The right questions to ask yourself in times of crisis
CROs, CFOs and COOs determined to support productivity gains want to answer a number of important questions:
- Does our organization know what factors affect business productivity and whether we are within, above or below our targets?
- Where and at what level should we increase productivity, next year, in three years, in five years?
- What tactics combine to map a realistic path to goals?
- Do we have the structure, operating model and dedicated leaders to enable these achievements?
- Who is responsible for making the profit? Do you have accurate information and communication mechanisms with finance, human resources and other functions?

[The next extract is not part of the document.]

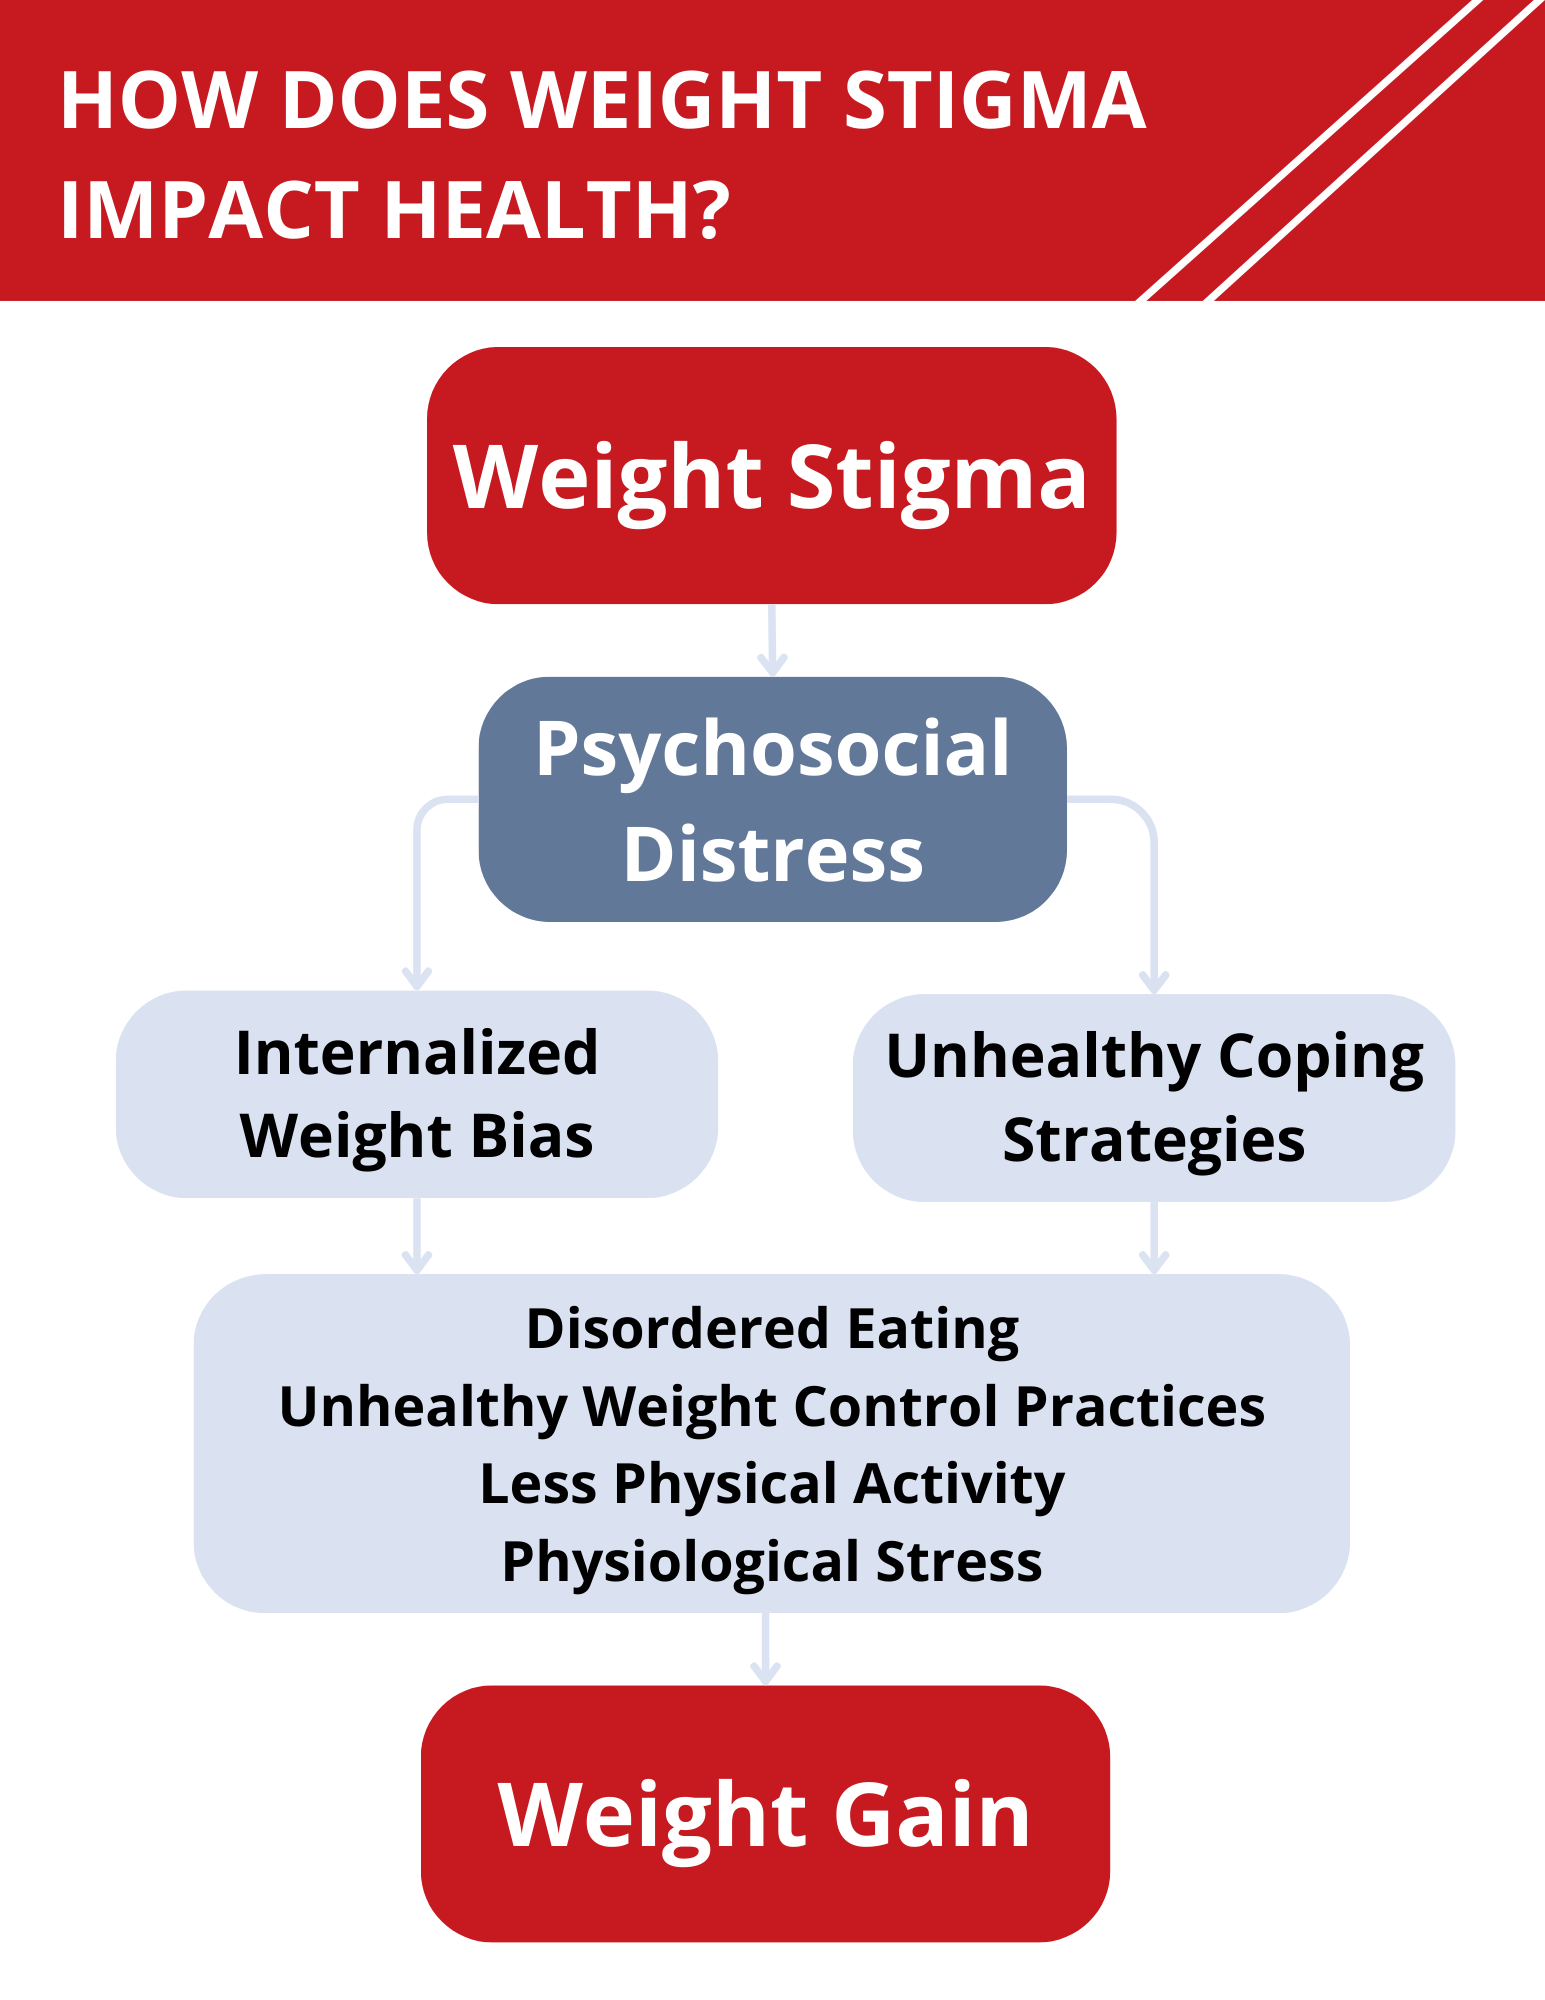 Handout showing that being shamed about weight increases risk of psychological and physical effects

Sustained growth in business productivity is beneficial in all industries and at all stages of the economic cycle. However, this is especially important in today's macroeconomic conditions as recessions change the landscape. During the 2008-2009 recession, Bain's analysis found that nearly 3,900 companies worldwide performed very differently. Winners outpaced losers, widening the gap between earnings and market cap in the subsequent period.
The same logic applies today. An enterprise productivity framework forces companies to make fine trade-offs between profitability measures and cost reductions, trade-offs that will help them outperform their competitors for years to come.